Both Patrick and Brutkiewicz say it took about a year to be able to tell the bones apart. “The more you learn, the more fun it becomes because you’re not overwhelmed when you look in the box,” Brutkiewicz says. “You know what 90 percent of the things are.”
“A lot of it is pattern recognition,” Patrick says.
That said, there are always mysteries. Always new finds too. One day in May, Brutkiewicz found a molar from a marten, a weasel-like mammal that now are found in the far-northern United States, Canada and Alaska.
“I knew it was a carnivore of some kind and I knew roughly the size of the animal,” she said. “We have a huge reference collection of every Indiana animal that there is, so I compared it and matched it up.”
“I look at it like every box is a puzzle,” Brutkiewicz says. “There are going to be some obvious ones and then there are going to be some tough ones.”

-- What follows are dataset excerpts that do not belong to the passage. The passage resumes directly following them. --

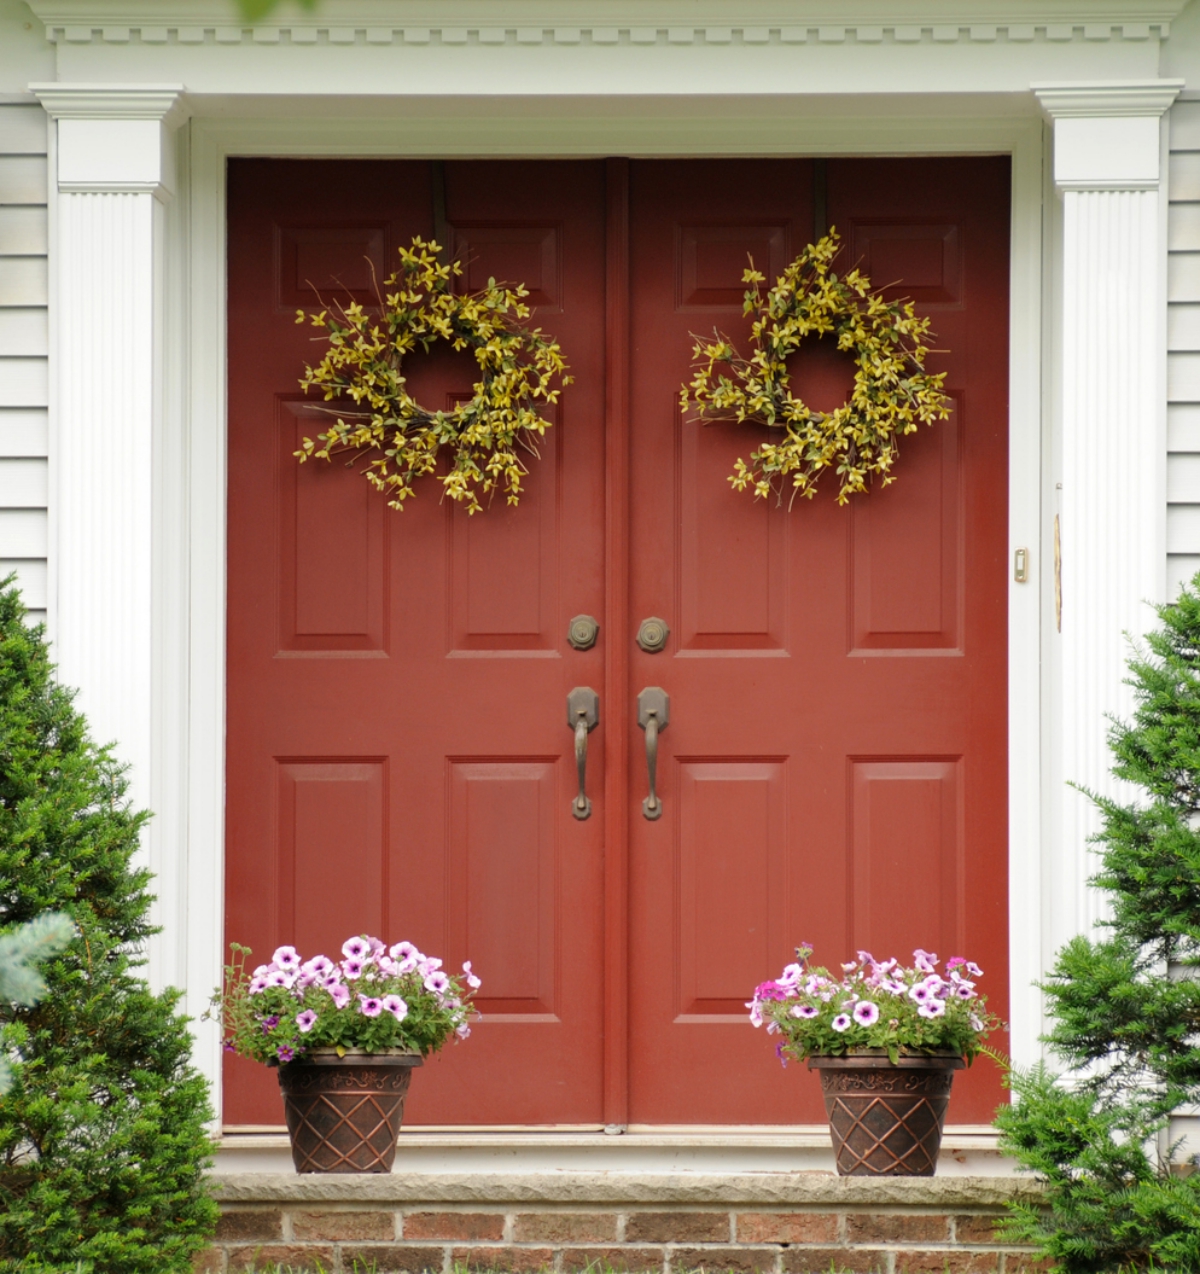 zwei Türkränze und zwei Topfpflanzen als Schmuck vor der Tür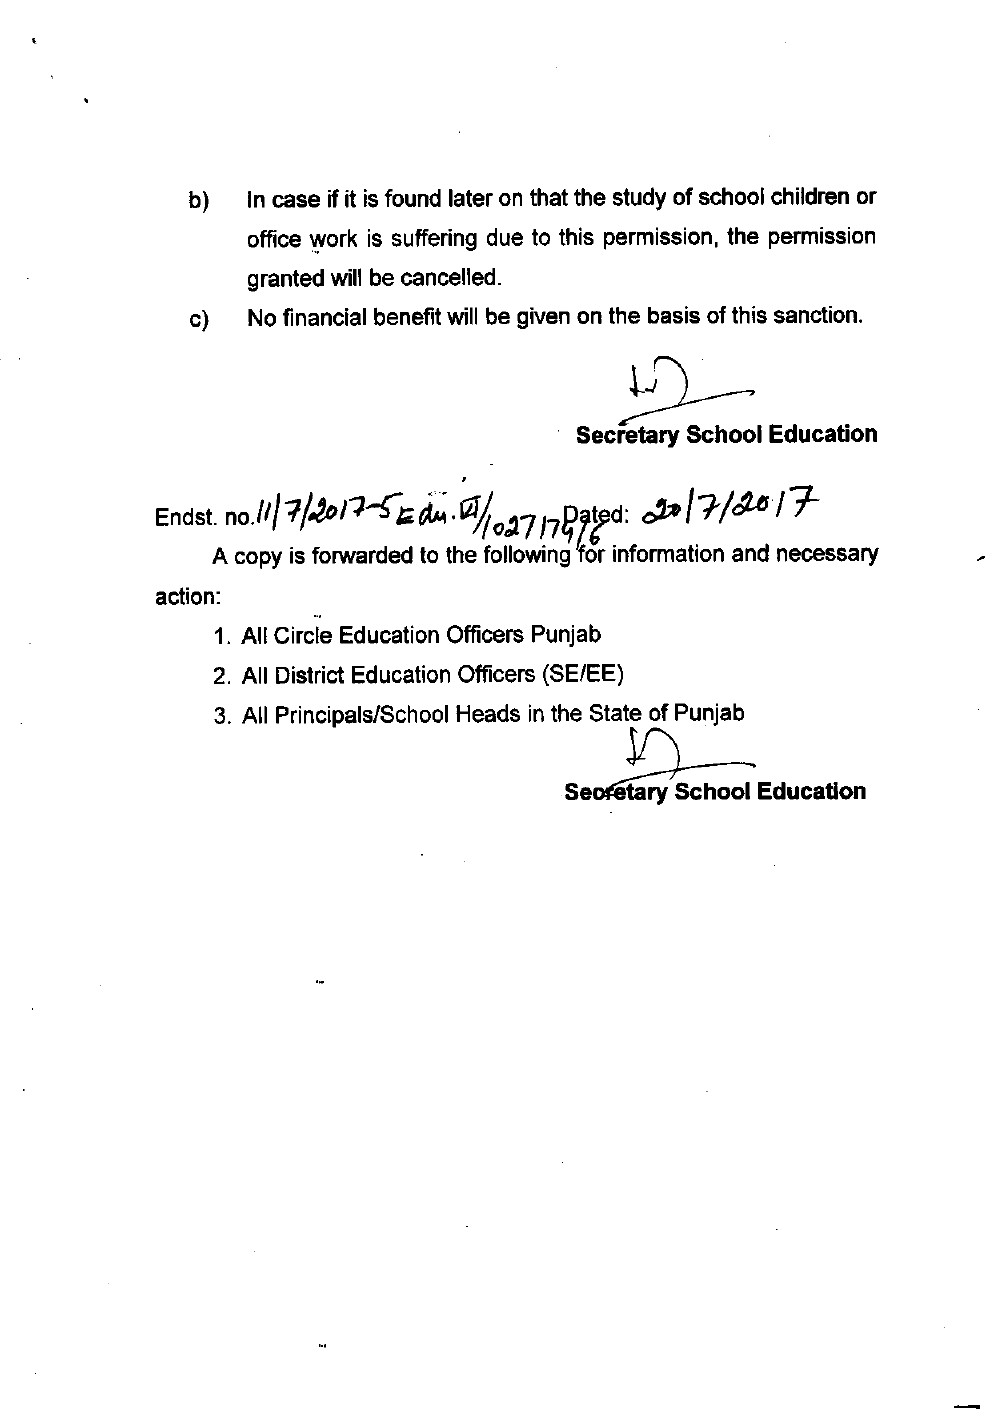 LETTER OF PERMISSION FOR HIGHER EDUCATION IN EDU. DEPTT. - News - 19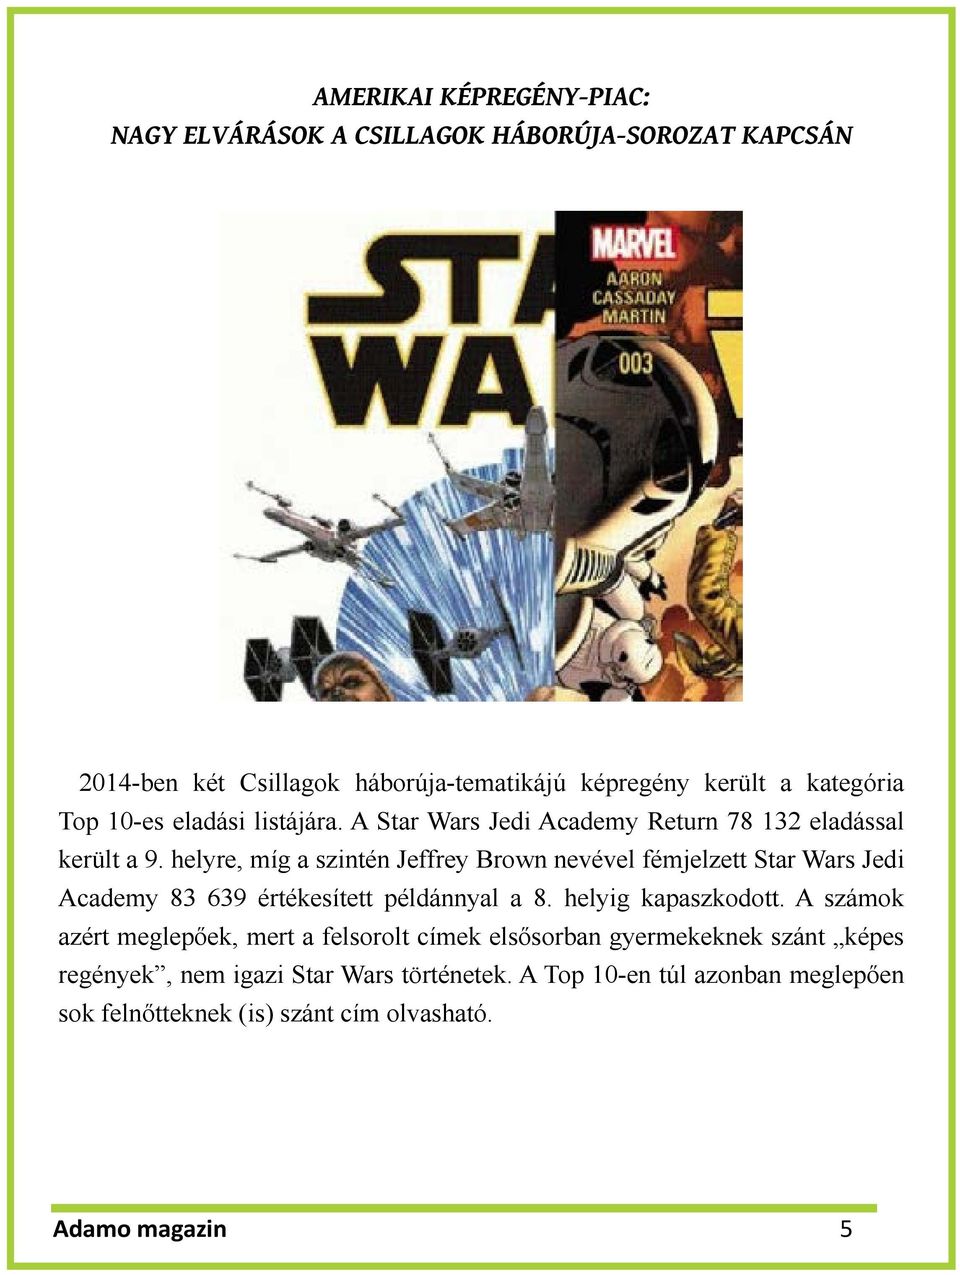 helyre, míg a szintén Jeffrey Brown nevével fémjelzett Star Wars Jedi Academy 83 639 értékesített példánnyal a 8. helyig kapaszkodott.

Whatever the situation, both say they enjoy working in the lab and learning more about how Indiana has evolved over the ages.
“I think this is a beautiful lab,” Patrick says. “I love this room and being able to sit and look out over the canal.”
“And look at our surroundings,” Brutkiewicz says. “We have this petrified chunk of wood here with a geode inclusion. We have this Bryozoa fossil. There’s always this neat stuff that’s interesting to learn about that we never would have seen or known about otherwise. It’s always fun.”